Step 1 Receive the Mission
Step 2 Analyze the mission
Step 3 Analyze assets
Step 4 Gather intelligence
Step 5 Develop courses of action
Step 6 Analyze Courses of Action
Step 7 Develop the plan
Step 8 Develop a contingent plan
Step 9 Make the decision

While I agree that is a good decision making process in general, I don't feel it completely answers the OP. (Though the OP is not mine, so whether that is helpful to jay is his *ahem* decision.) It seems to me the "tough" decisions are the ones where you've followed steps 1-6, but the course isn't clear. You've weighed the variables, thought about your overarching goals, but the final answer isn't available in some neat package.

To take your later college major example. Say my overarching goal is to make gobs of dosh. Well, Philosophy's right out the door, along with some others, but the field is still pretty wide. To arbitrarily narrow the field to two, let's say Law or Medicine.

Either will make me some fairly serious bank if I follow through, but which am I more interested in? Which am I more suited for? What about free time? When will I be able to retire? You get the idea.

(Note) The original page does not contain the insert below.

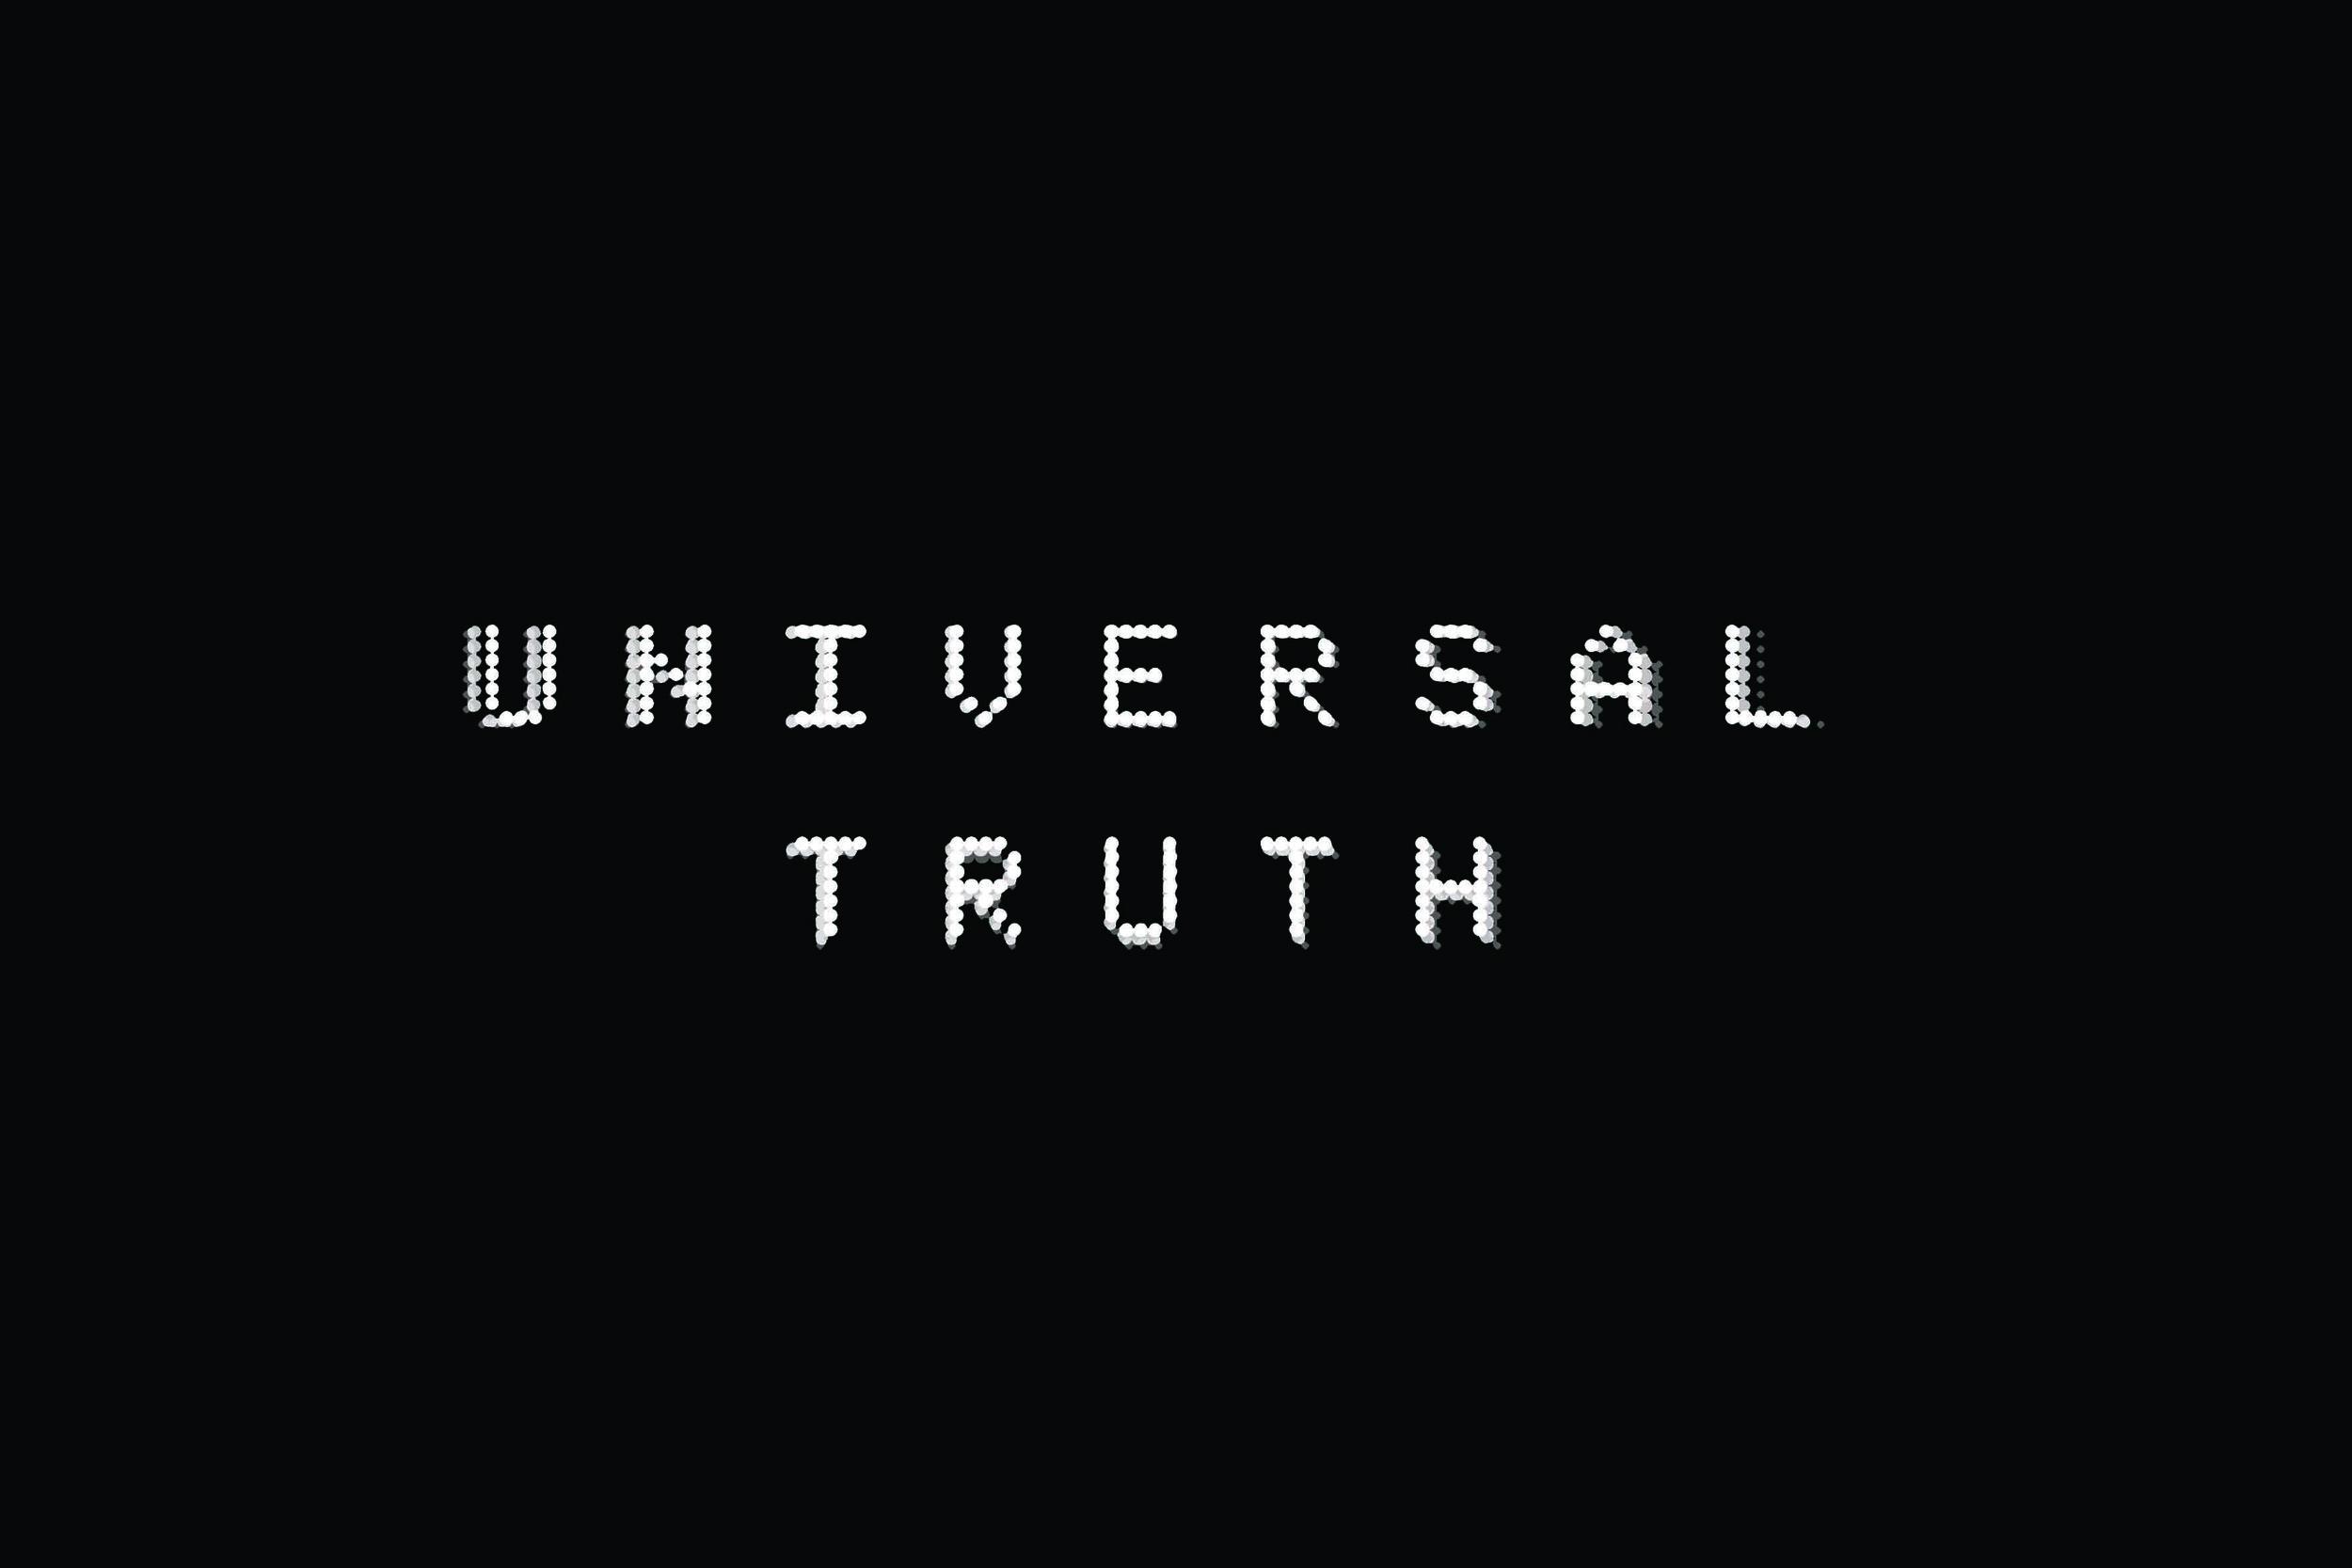 Michaela Gleave, Universal Truth , 2012, LED lights, 65 x 95cm

All these questions, and more, can be researched according to the typical decision-making formula, but only up to a point. The future is too murky, too probablistic, too chaotic to make this decision with 100% confidence that it is the right one.

Any decision making faculty cannot be rules all the way down. At some point, as evildave said above, one just has to MAKE IT. Eventually, you have to execute, because you never have all the facts.

I happen to like TM's suggestion about the coin flips, but for a slightly different reason than he stated. I don't think it's so much that it shows us what we really want. It shows us what desire is currently in the driver's seat of the useful fiction of the self. It seems to me short-term desires would overrule long-term goals more often than not in this method. (Well, there's this really hot chick who's taking Pre-Law, so screw Medicine.) I think the use of the coin is good because it forces the decision. If all variables have been accounted for, and you're still unsure, why not just flip a coin? It's no less arbitrary than anything else one might do.